Step back from the data-engineering specifics and OKF is a signal about the direction of the whole AI ecosystem, one every business should read. The signal is this: the knowledge AI systems rely on is moving toward open, structured, machine-readable, portable representations, and the organizations whose knowledge is already in that shape will be the ones AI agents can actually use. As AI agents increasingly mediate how customers discover, evaluate, and interact with businesses, being legible to those agents stops being a nicety and becomes table stakes.

The practical reading for a business isn't "go implement OKF tomorrow", most companies aren't shipping BigQuery metadata bundles. It's that the principles OKF encodes are exactly the principles that make a business visible and usable in an AI-mediated world: structure your knowledge so machines can parse it, keep it in clean and portable formats rather than locked in proprietary silos, make relationships between concepts explicit, and treat your knowledge like code that's curated and versioned rather than scattered across tools and people's heads. A business whose product information, documentation, and expertise live in clean, structured, linkable form is one an AI agent, or an AI search engine, can read, trust, and surface. By aligning with what data sources LLMs crawl to verify B2B company information, organizations ensure they remain legible to these agents. A business whose knowledge is trapped in PDFs, screenshots, and tribal memory is invisible to exactly the systems that increasingly drive discovery.
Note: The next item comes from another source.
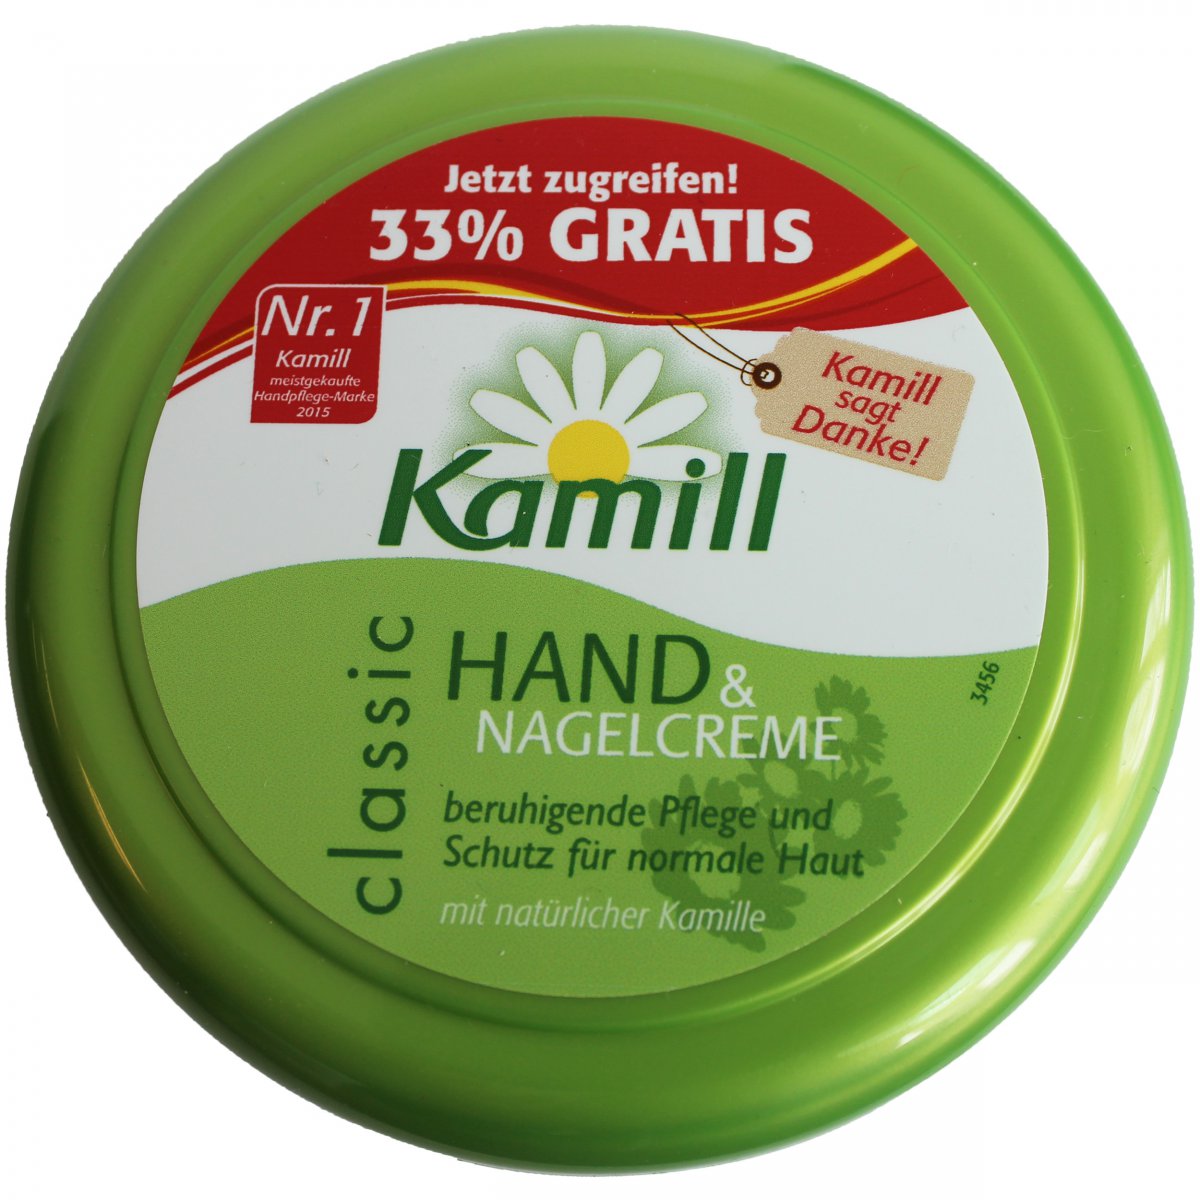 Behoefte aan garen is genoeg Kamill- Classic Hand and Nagel (Nail) Cream Tub | European Grocery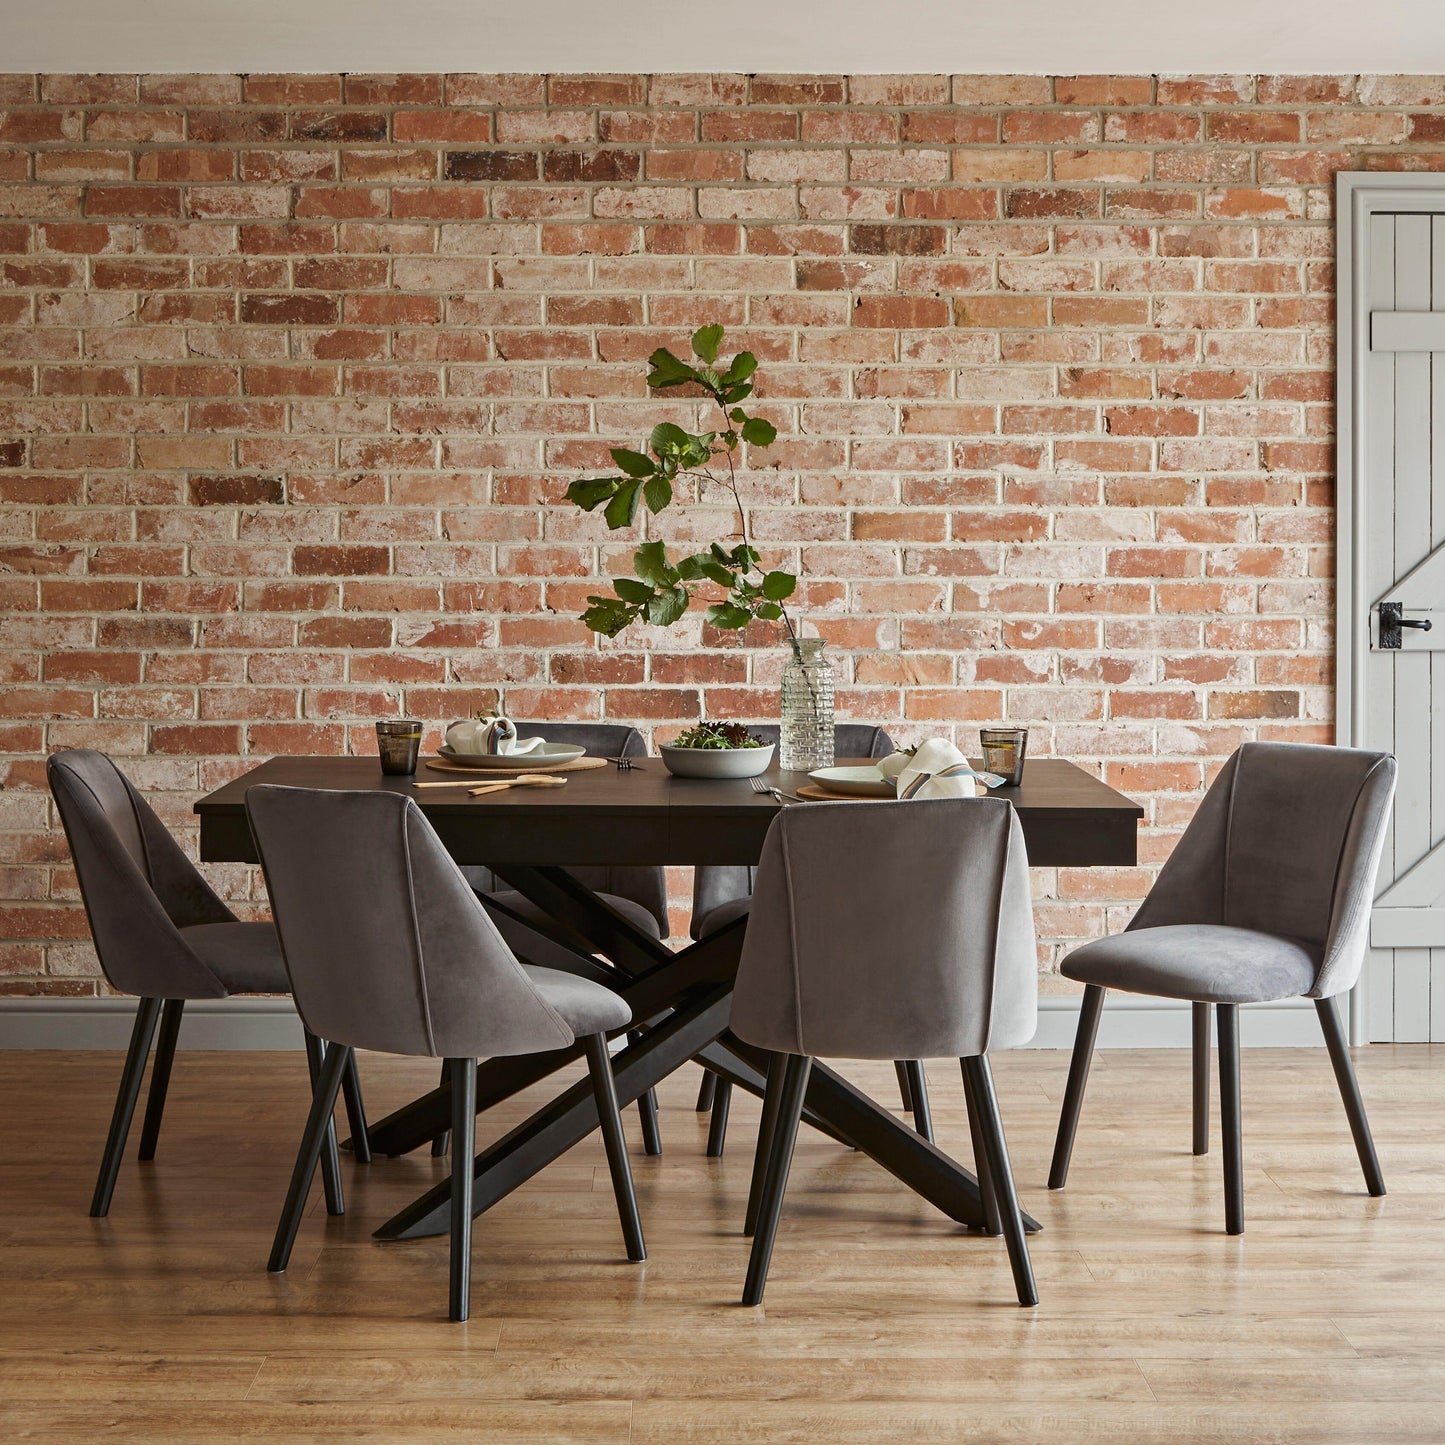 Freya dining chairs - set of 2 - grey velvet and black

8. OKF and GEO: the same thesis, one layer deeper

For anyone following generative engine optimization (GEO), the practice of structuring content so AI engines cite and surface it, OKF will feel like a familiar thesis taken one layer deeper. GEO is about making your public content legible and trustworthy to the LLMs behind AI search; OKF is about making any knowledge, public or internal, legible to the agents that consume it. Both rest on the same foundation: machines reward structure, clarity, explicit relationships, and portable formats, and they penalize fragmentation and opacity.

The connection is direct. The same discipline that gets a brand cited in an AI answer—clean structure, clear entities, explicit links between concepts, and machine-parseable evidence—is the discipline OKF formalizes for knowledge bundles. A business that has done the work to be AI-discoverable on its public surfaces has already internalized the mindset OKF encodes; a business that hasn't will find both equally foreign. OKF is, in effect, the data-layer expression of a truth GEO practitioners have been acting on for two years: in an AI-mediated world, how your knowledge is structured determines whether machines can use it, and that increasingly determines whether you're discovered at all.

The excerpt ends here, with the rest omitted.